Морс: Я считаю, что Джозефс дорос до ненависти к своей жене, сэр. Я указывал на этот пункт ранее в моих показаниях.
Маршалл: Но он не чувствовал ту же самую ненависть к ответчику – почему?
Морс: Я не знаю, сэр.
Маршалл: Вы по-прежнему уверены, что не было никаких специальных отношений между ответчиком и мистером Джозефсом?
Морс: Мне нечего добавить к моему предыдущему ответу, сэр.
Маршалл: Очень хорошо. Продолжайте, инспектор.
Морс: Как я уже сказал, сэр, я был убежден, что Джозефс попытается убить мисс Роулинсон почти сразу, как только дело начнет продвигаться слишком стремительно, потому что ему придется объяснять ей некоторые вещи. Впрочем, и так мисс Роулинсон была единственным человеком, кроме него самого, который знал правду, – знал слишком много, он должен был это чувствовать. Так что мой коллега, сержант Льюис, и я решили, что мы можем попытаться вывести убийцу на чистую воду. Мы позволили, чтобы в «Оксфорд Мэйл» появился немного неточный отчет по этому делу с единственной целью – заставить его подозревать, что сеть уже начала накрывать его. Я думал, что где бы он не скрывался, – если помните, у меня не было никакого понятия, что он жил в доме мисс Роулинсон, – он почти точно использует церковь еще раз. Он знал время, когда мисс Роулинсон будет делать уборку, и у него был готов свой план. На самом деле, он проник в церковь очень рано утром, и сумел нарушить предосторожности, которые мы так тщательно подготовили.
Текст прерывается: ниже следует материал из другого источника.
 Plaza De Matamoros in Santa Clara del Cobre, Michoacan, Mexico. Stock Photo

Маршалл: Но, к счастью все обошлось, инспектор.
Морс: Я полагаю, вы правы. Благодаря сержанту Льюису.
Маршалл: У меня нет больше вопросов.
Джонс: Как я понял, инспектор, вы слышали разговор между моим клиентом и мистером Джозефсом, перед тем как он сделал попытку ее задушить. Морс: Да, я слышал.
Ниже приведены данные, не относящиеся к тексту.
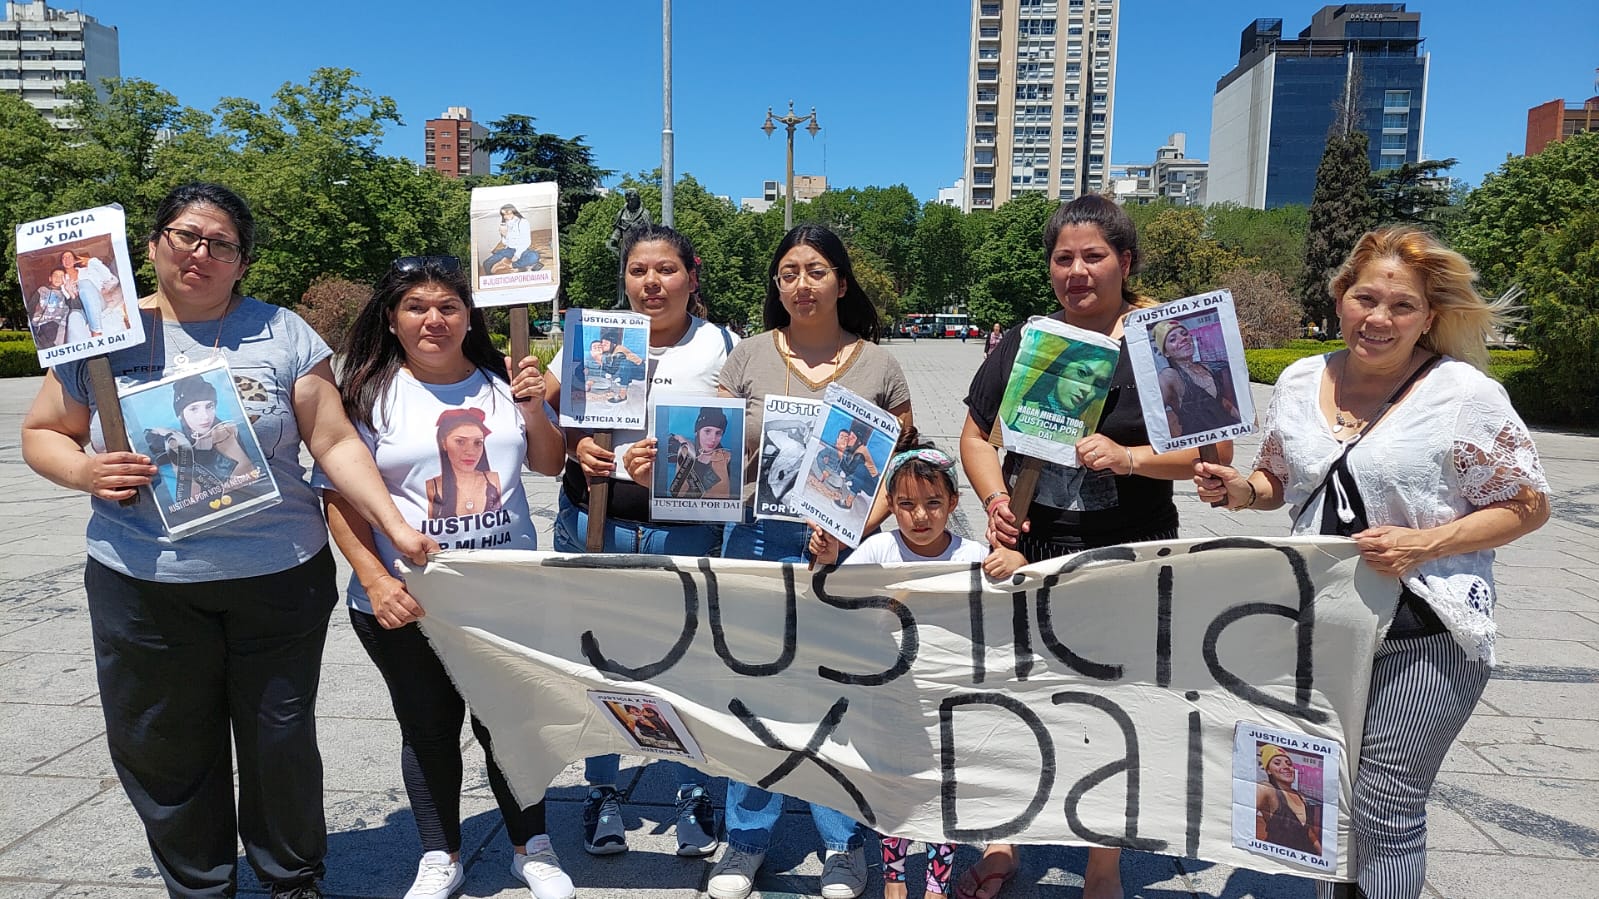 FAMILIARES DE DAIANA ABREGU RECLAMAN JUSTICIA POR SU FEMICIDIO

Джонс: В этом разговоре, вы ничего не слышали, что может быть рассмотрено судом, как смягчающие обстоятельства по делу против моего клиента?
Морс: Я слышал, как мисс Роулинсон сказала, что она решила пойти в полицию и сделать полное признание обо всем, что знала.
Джонс: Спасибо. Больше нет вопросов.
Судья: Вы можете сойти вниз, инспектор.
Глава сорок третья
– Что меня убивает, – сказал Белл, – так это то, сколько мерзости развелось вокруг – и в церкви, тоже! Я всегда думал, что люди такого типа идут прямо посередине стези праведников.
– Возможно, большинство из них, – тихо сказал Льюис.
Они сидели в кабинете Белла вскоре после суда и вынесения приговора мисс Рут Роулинсон. Виновна. Восемнадцать месяцев лишения свободы.
– Это, тем не менее, убивает меня, – сказал Белл.
Морс сидел там же и, молча, курил сигарету. Он либо курил одну за другой, либо не курил вовсе, так как отказывался от вредной привычки навсегда бесчисленное количество раз… Как он сможет забыть?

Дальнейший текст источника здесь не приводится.